### RAW DATA
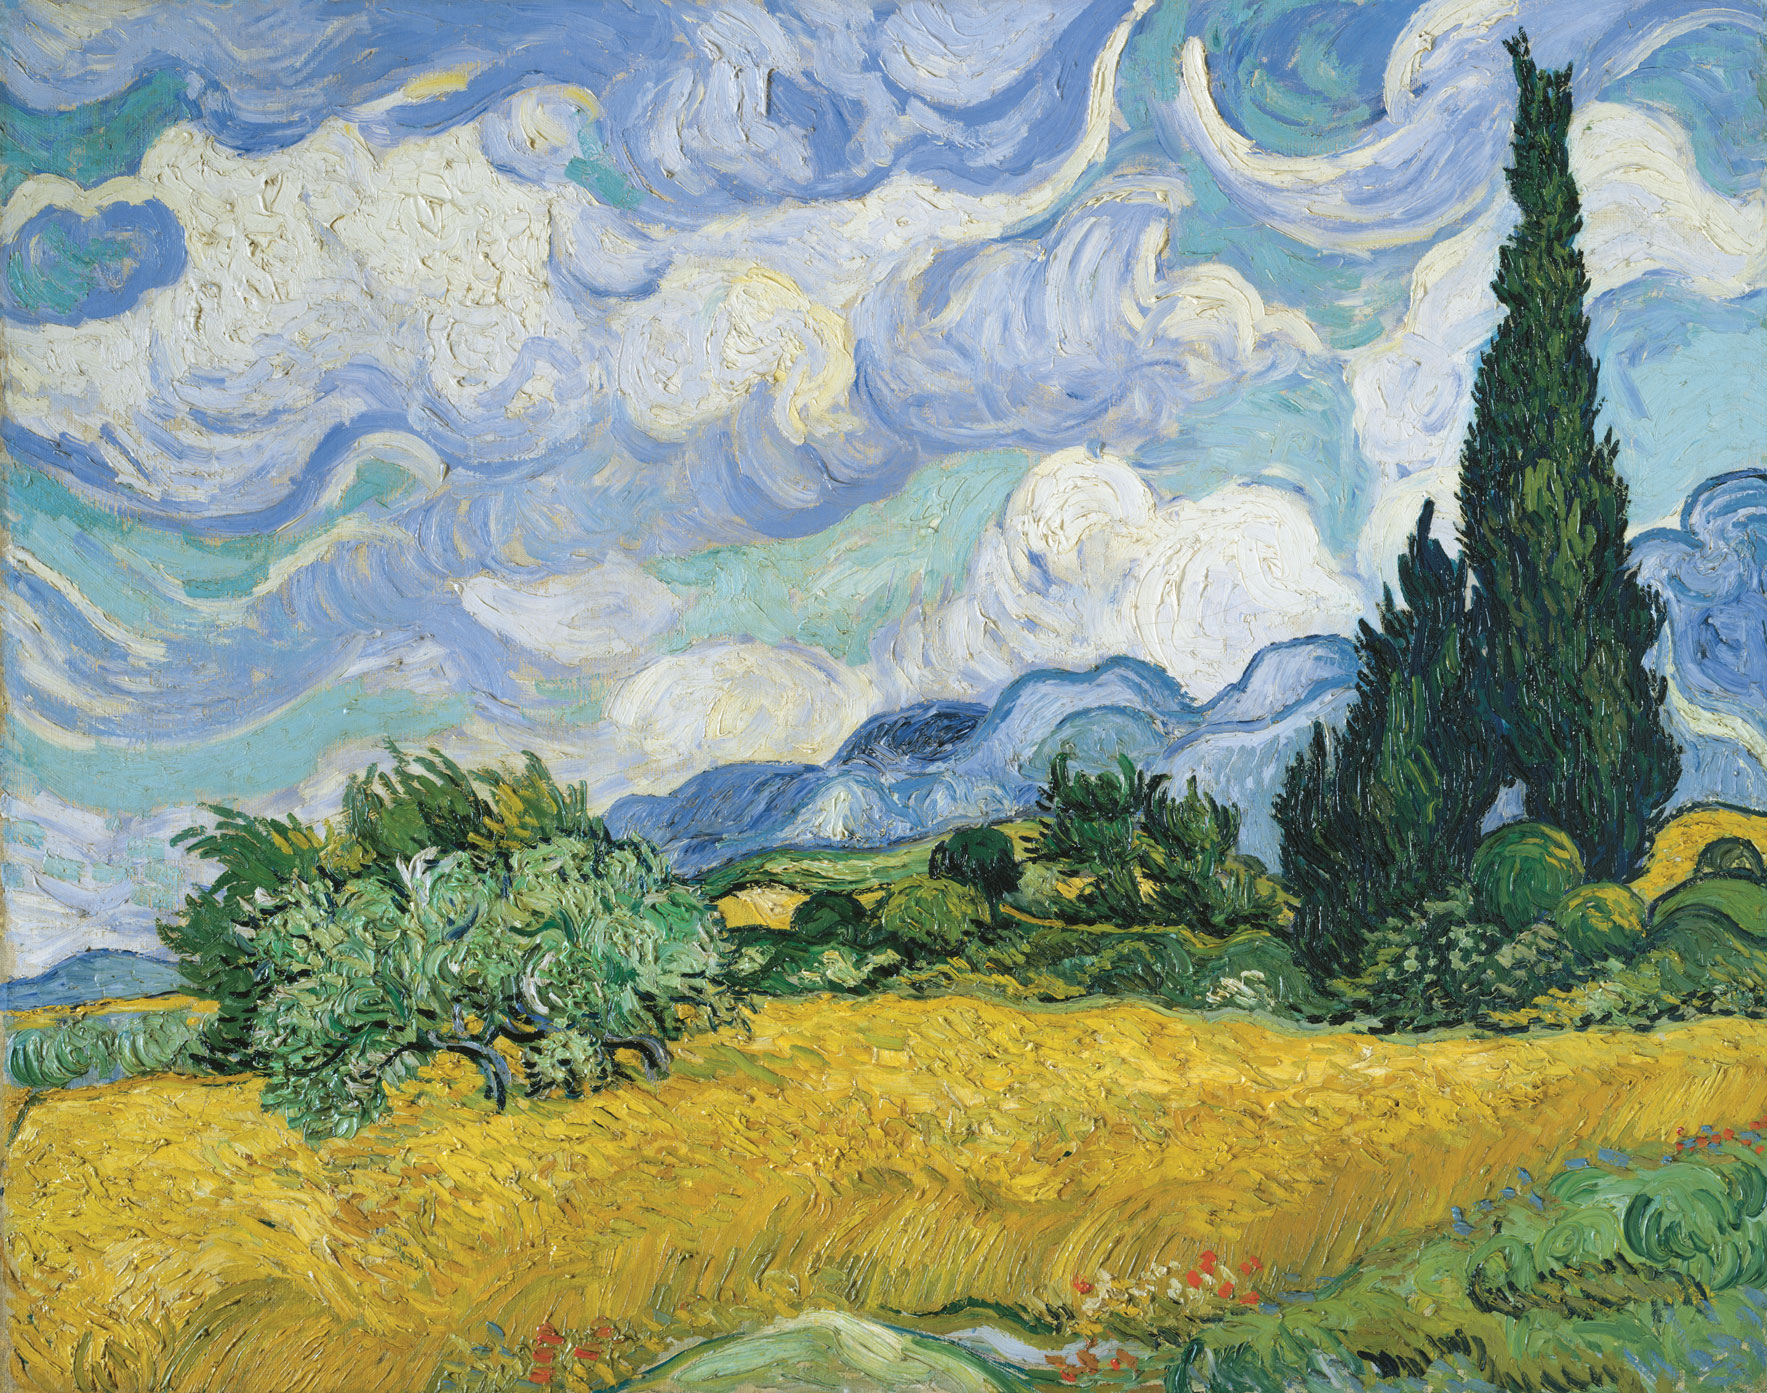 A staggering array of artists’ depictions of landscape assault your eye, and you home in on a soothing painting by van Gogh called Wheat Field with Cypress. From Art =
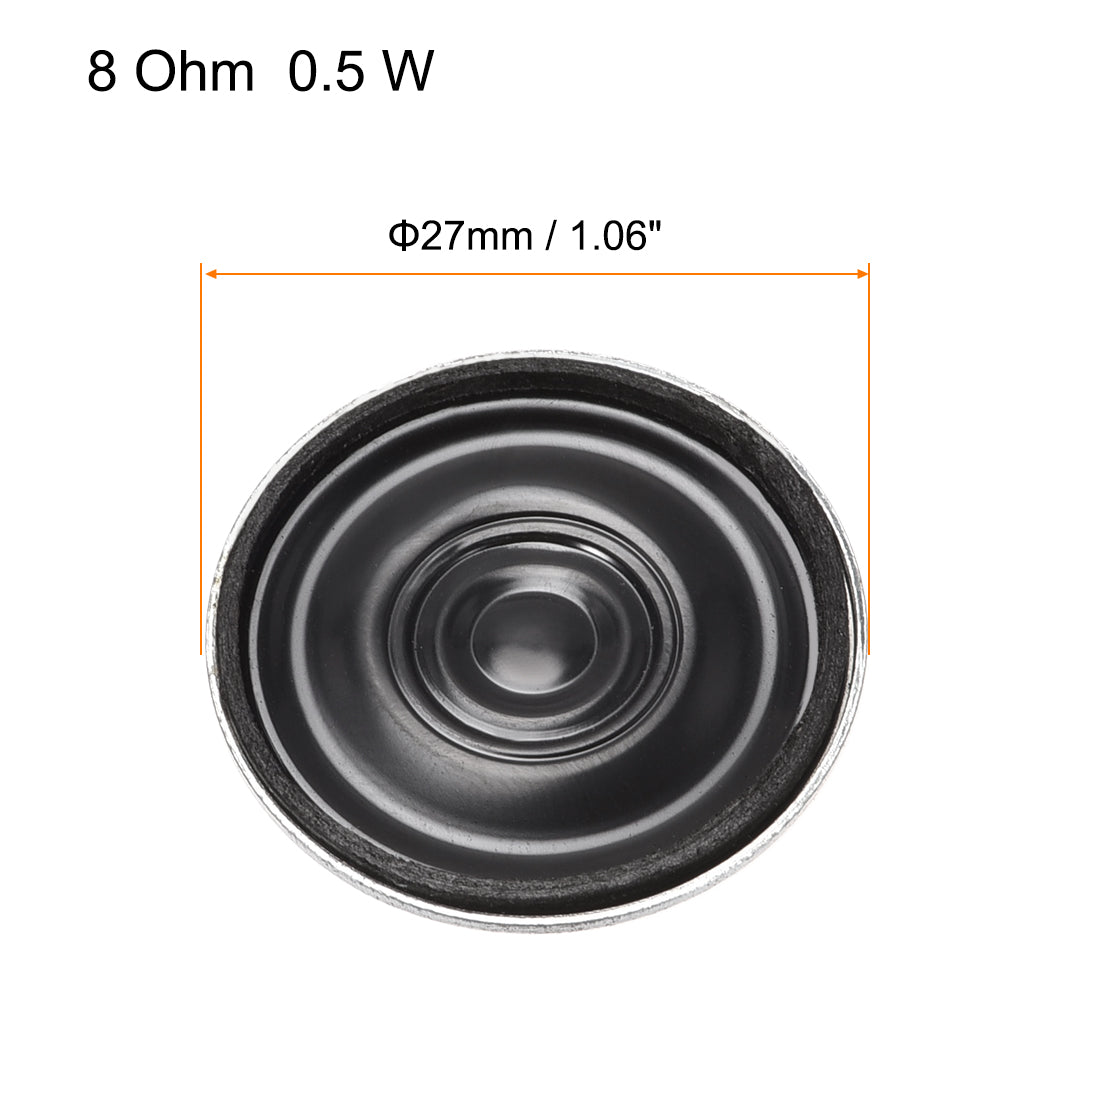 uxcell Uxcell 0.5W 8 Ohm DIY Magnetic Speaker 27mm Round Shape Replacement Loudspeaker for Building Intercom 4pcs
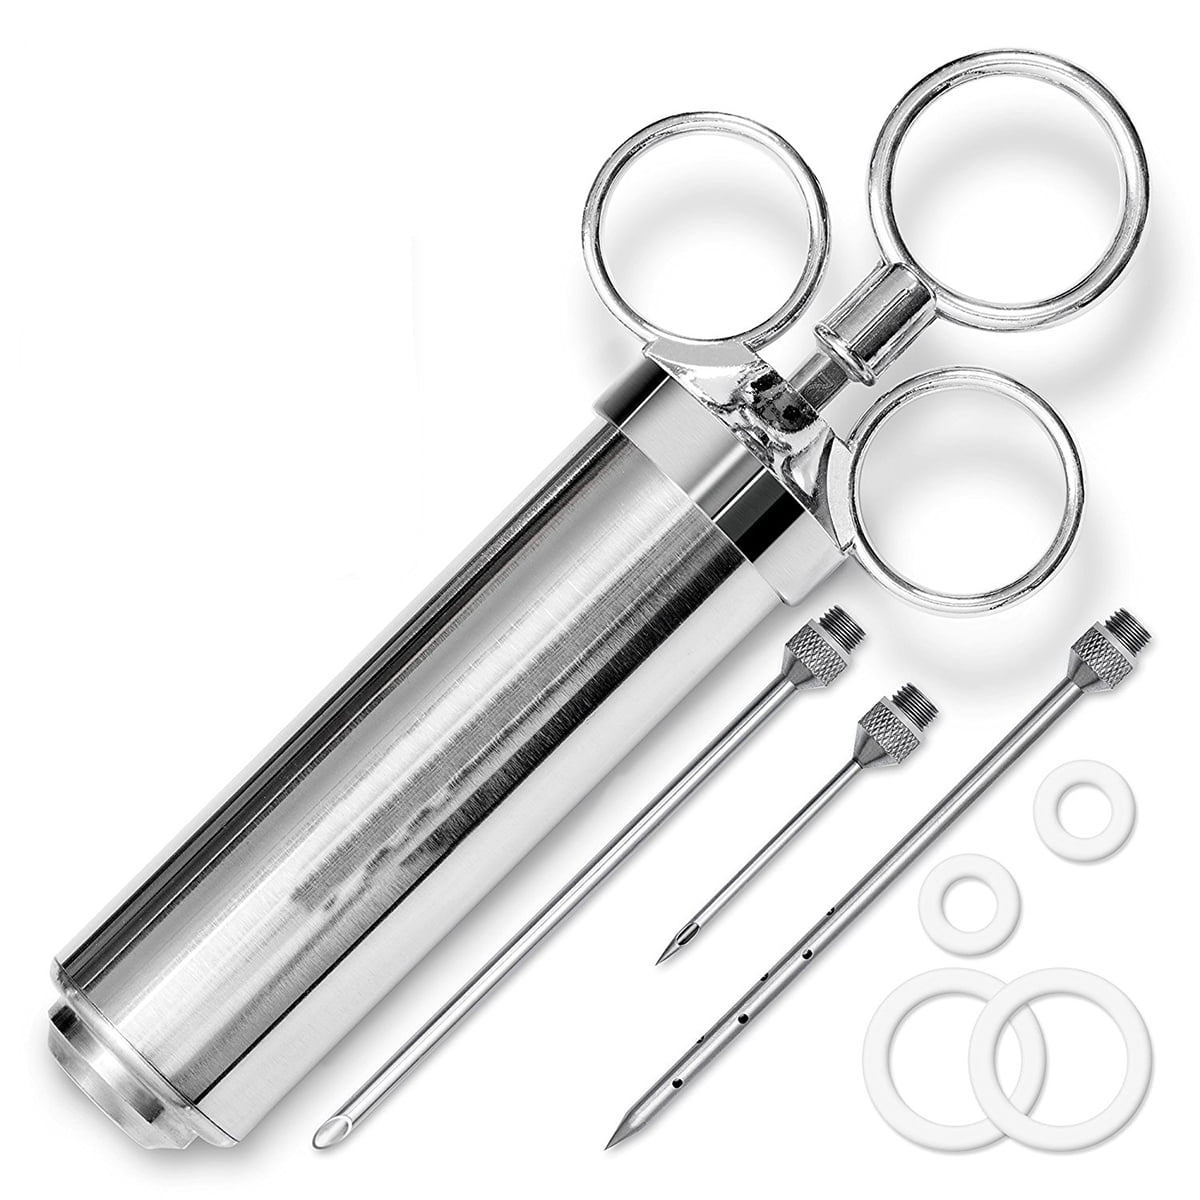 Meat Turkey Injector,Stainless Steel Marinade injector Syringe 304 Stainless 
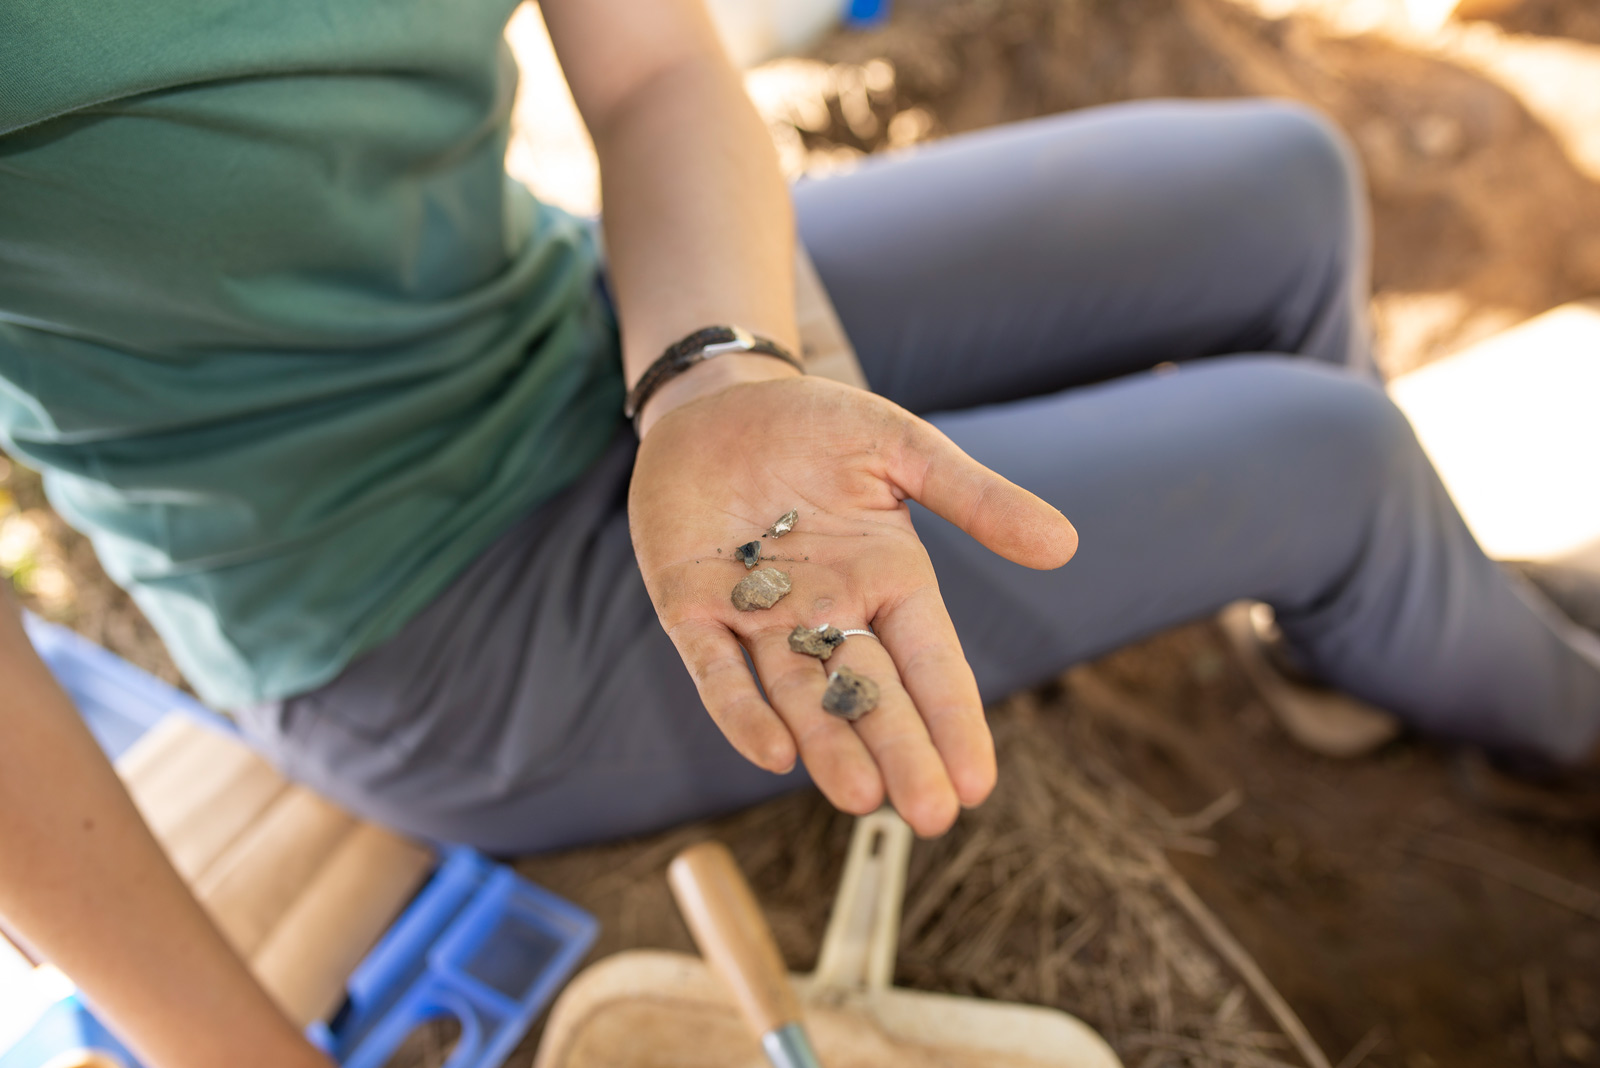 A researcher holds up ancient burned bone fragments

### WHAT YOU ARE ASKED TO DO
What is needed is an exact copy of the lines from the one with "uxcell Uxcell 0.5W" through the end of the data above, both included, minus any pictures.

### WRITTEN RESPONSE
 uxcell Uxcell 0.5W 8 Ohm DIY Magnetic Speaker 27mm Round Shape Replacement Loudspeaker for Building Intercom 4pcs
 Meat Turkey Injector,Stainless Steel Marinade injector Syringe 304 Stainless 
 A researcher holds up ancient burned bone fragments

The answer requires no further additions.